When I learned about Docker
I first learned about Docker when I started my internship at FWE, in the summer of 2015. My manager at the time saw my eagerness to use Linux and related tools. I was the only person in the company running Linux on the work laptop. He also saw the popularity of containers and by extension docker blowing up on Hacker News, he tasked me with learning how it worked.
At the time we were looking to transition away from our current ticket system to something new. We eventually moved to Jira , but before that we experiemented with a few different open source offerings. This was a good way to play with Docker.

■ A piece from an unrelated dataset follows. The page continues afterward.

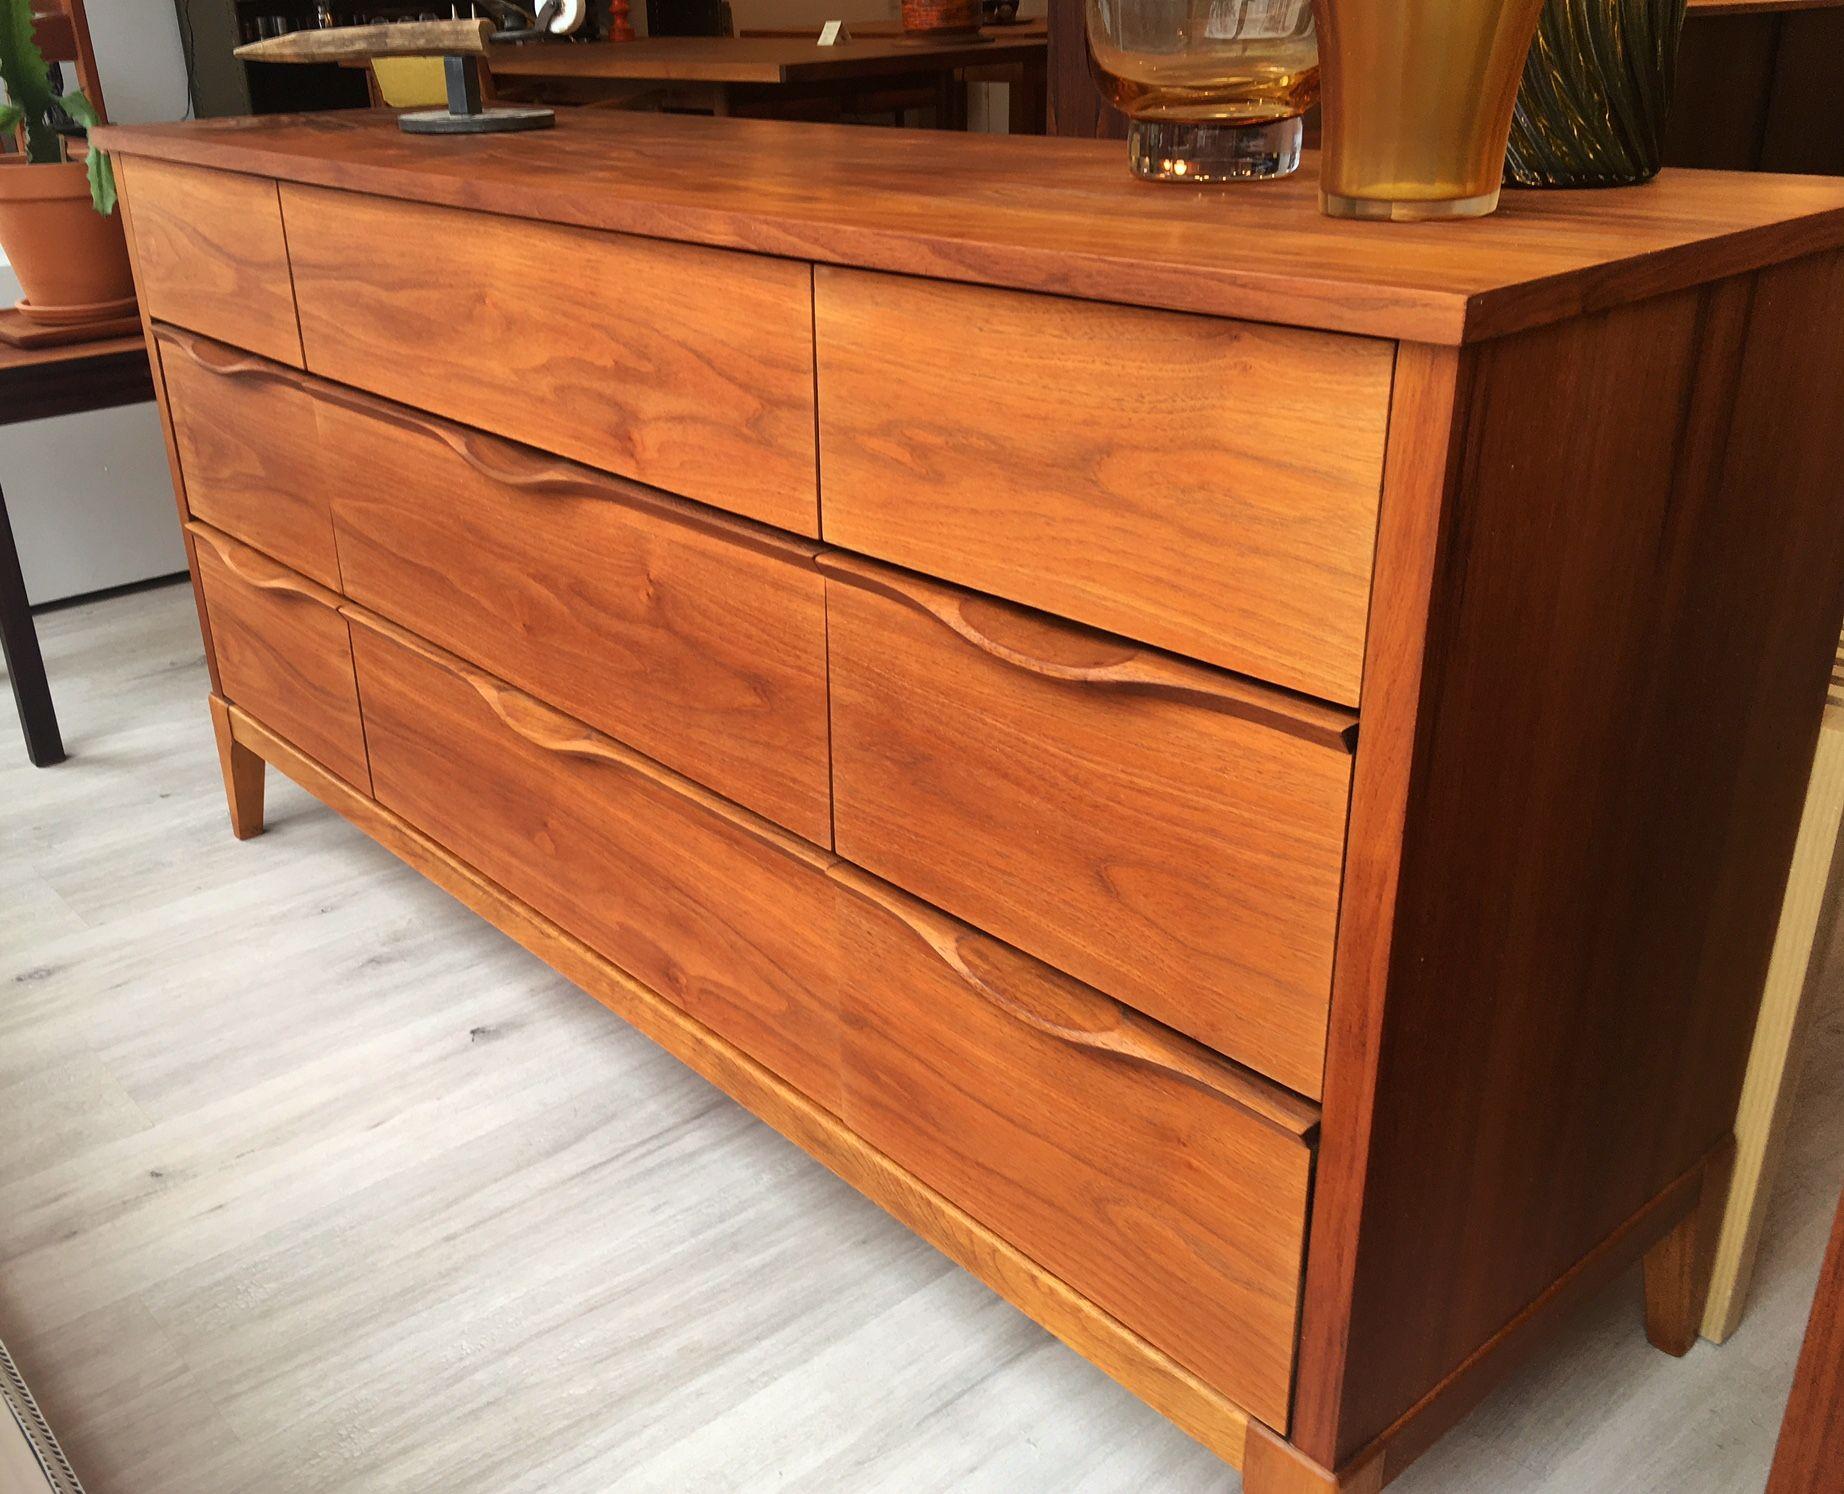 Petite Commode 9 Tiroirs Mid Century En Noyer Restaure 58 75 X 17 25 X 30 25 H Chezlamothe Com Home Decor Decor Furniture

At this point Docker Hub was around a year old. This meant there wasn’t as robust of an ecosystem for easily deployable images. I was attempting to depoy Redmine , I did find a couple of dockerfiles floating around Github, for it. I used them as reference but decided to try it myself. After learning how to make images, I went on to make many more.
Docker Basics
What is Docker
Without going further, I figure I should explain what Docker is. When I say Docker, I am actually referring to the Docker Engine. At its core you have dockerd this is the actual daemon running the containers. You can interface with it by using the docker the client CLI program bundled with the engine, or you can acess it via API.
By default dockerd listens on a unix socket unix:///var/run/docker.sock
. I have seen some pretty cool things done with this, for exampe Portainer
a web UI for managing docker. Can be ran as a child container of the engine it interfaces with. This done by mounting in docker.sock into the portainer container.